Tuesday, April 7, 2020

Welcome back to author Chadwick Vee


My first interview with Chadwick Vee occurred on 6/4/2016. At that time he had just finished writing his first book, Dead Faith. Fastforward to today and Dead Faith is now published and available on Amazon.


     The last we spoke, you had just finished writing Dead Faith. Tell us a little about your journey to publication during the past three years.

Well I think like many people working full time jobs it was a lot to juggle. I had put a lot of effort into writing the book itself and then I took some time to educate myself on publishing and getting an agent etc.  I sent out over a dozen queries to publishers and agents and carefully tracked them… and when I got either no replies or rejections I honestly just moved forward with work and life, always meaning to try again.  I promise this will end up being motivational at some point.

      What made you decide to self-publish your book?

This is a great question because honestly I was a bit of a snob against self-publishing.  But then I had two things kind of coalesce into inspiring me to do it.  First I had discovered a great series of books, the Monster Hunter series by Larry Correia, and after I had read the first several I found out the author had self-published the first one and it had gone top 10 in its genre.  And I read an interesting tid-bit were the author saw someone praising his books on a forum, and another guy said something along the lines of, “Well sure he is a New York Times Best Seller, but he is self-published. So how good can he really be?”  And I realized what a ridiculous statement it was.  Good writing is good writing and his sales prove that.

Also, about this time, I had a friend that I found out had written a history book.  It was very niche and he didn’t expect to get a big audience, but what he did tell me was how easy it was to self-publish with all of the online ways to do so today.  So as I looked into it I found not only was it fairly easy, there are a lot of peer groups on Facebook willing to pass on what they learned as they went so you have a road map to follow.

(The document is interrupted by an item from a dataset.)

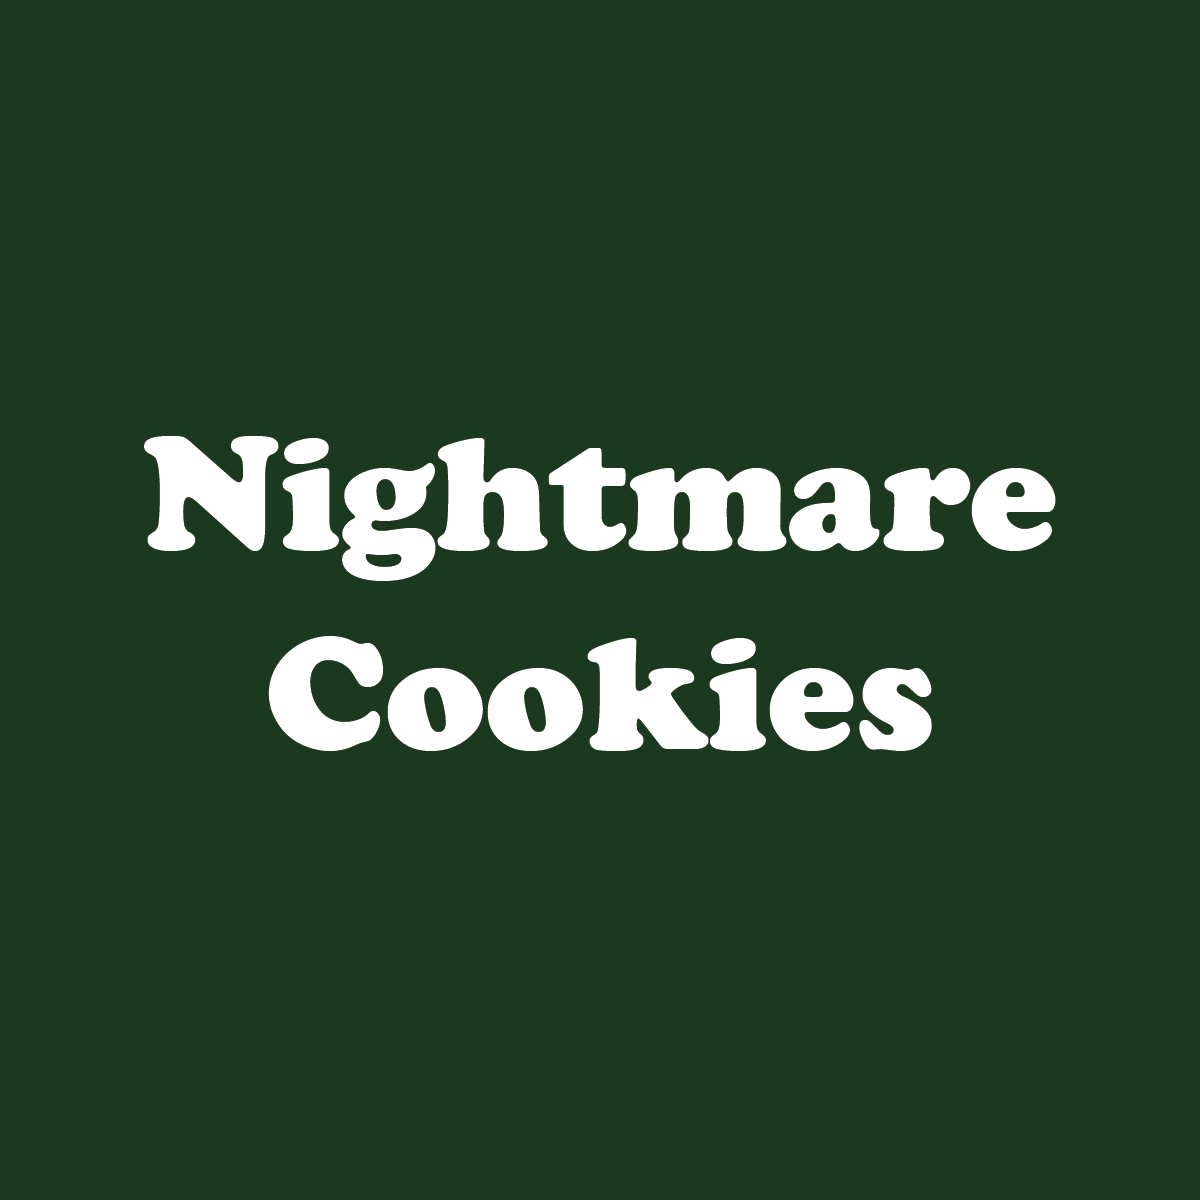 NightmareCookies.png

     Did you find the self-publishing process difficult? Tell us a about it.

It was a little daunting at first just figuring out where to start.  But as I mentioned, there are so many resources available today.  If anything it wasn’t the self-publishing process that was difficult but instead it was figuring out from all the advice when to pull the trigger.  Should I have a mailing list, should I do that before or after I publish my first book, do I need a website of my own?  Do I join various websites where you can talk about books?  Do I market?  If so which of one hundred options am I going to follow?  And on and on.  I finally pulled the trigger with a bare minimum just to get it out there.  Basically just a Facebook page with a sign up for a newsletter.  It has been fun to see that with just an initial $5 ad on Facebook I picked up readers and got Facebook fans that have absolutely no connection to me. I mean it’s great when your cousin’s friend likes your page, and Facebook lets you see that connection, but it is just incredible when someone from Minnesota that has zero friends in common likes your Facebook author page.  And Kindle also showed me that someone in the UK (That’s Britain, not University of Kentucky for my Kentucky friends. J ) bought my book.  So I joke now that I am an internationally known author. 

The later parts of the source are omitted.